SClawsonFeb 20, 2020, 6:08:55 PM

Art Credit: Jeffery Gillette

[preface: I recently deigned it unnecessary that I needed to adorn my writing with imagery. It seems almost childish and I felt it would take you, the reader, out of your immersion. Please inform me if you preferred the GIFs and pictures that I have typically embedded into my writings, I will take that into consideration. Enjoy!]

What a more fitting time than today, a month after the onset of what might be a cataclysm of contagion of the Corona virus (or better known, Wu-Flu), than to speak about another rot in the world—rather the literary one. I am referring to the 21st atrocity of the self-induced plague of nostalgia-porn and the postmodern condition of hauntology. I understand that talking about postmodernism might garner me some ire, to which I dismiss politely but wholeheartedly. I don’t believe in self-censorship, nor in ignoring critical thinking, no matter how it might challenge my own train of thinking—I would encourage all to continue despite your feelings about postmodernist philosophy.

What I am discussing today I believe might be more relevant than any single book review, topic or even my books.

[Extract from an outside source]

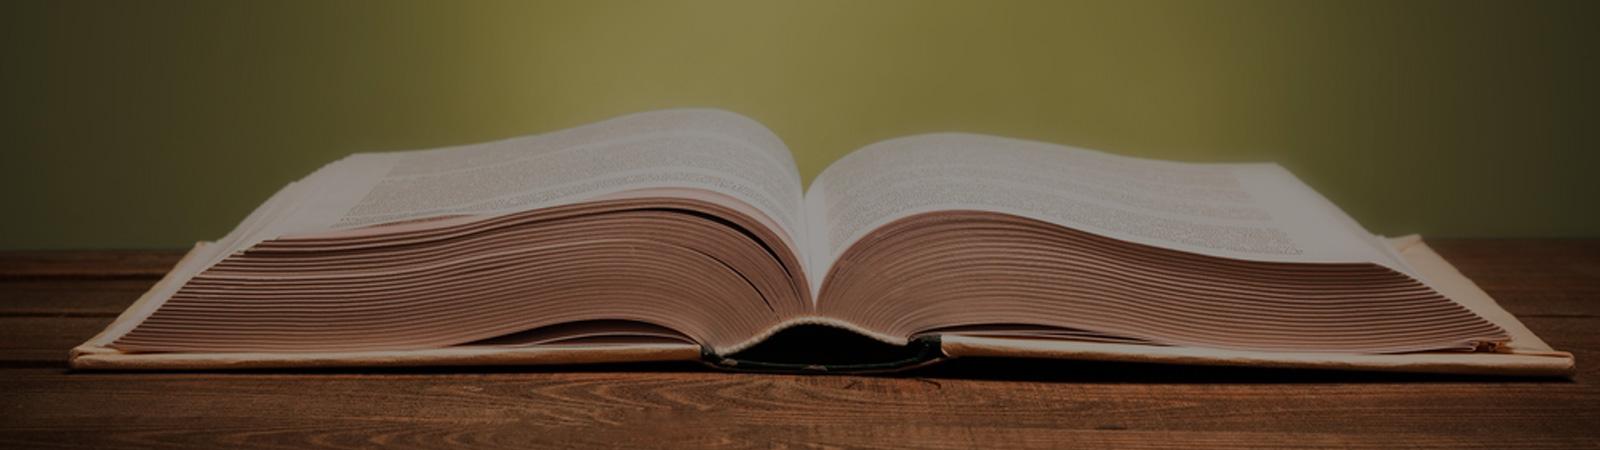 BOOK REVIEW: The Wristwatch Handbook by Ryan Schmidt

Nostalgia, known as the fond feeling associated with memories, usually contrives the positive pieces and excluding or willfully forgetting the negative aspects of that experience, I believe is one of the most important emotions when embracing works of media, or rather re-embracing it. For example, remember the time when you first watched movie adaptation, The Fellowship of the Ring, as the fellowship of man, elf, dwarf and hobbit depart into the wilderness *cue the orchestra for montage* with the stunning backdrop of New Zealand and a 2-second minimum action shot, per main character? The scene was memorable; it was The Lord of the Rings, an epic fantasy adventure that we collectively experienced at various times. I’ve been hiking at times with friends where we whistle the tune to poke fun at ourselves, rolling dice at our table for a D&D game and a request for the theme is made, or the topic of the movies floats into the conversation. The feeling of nostalgia itself can be powerful, heartwarming and wondrous.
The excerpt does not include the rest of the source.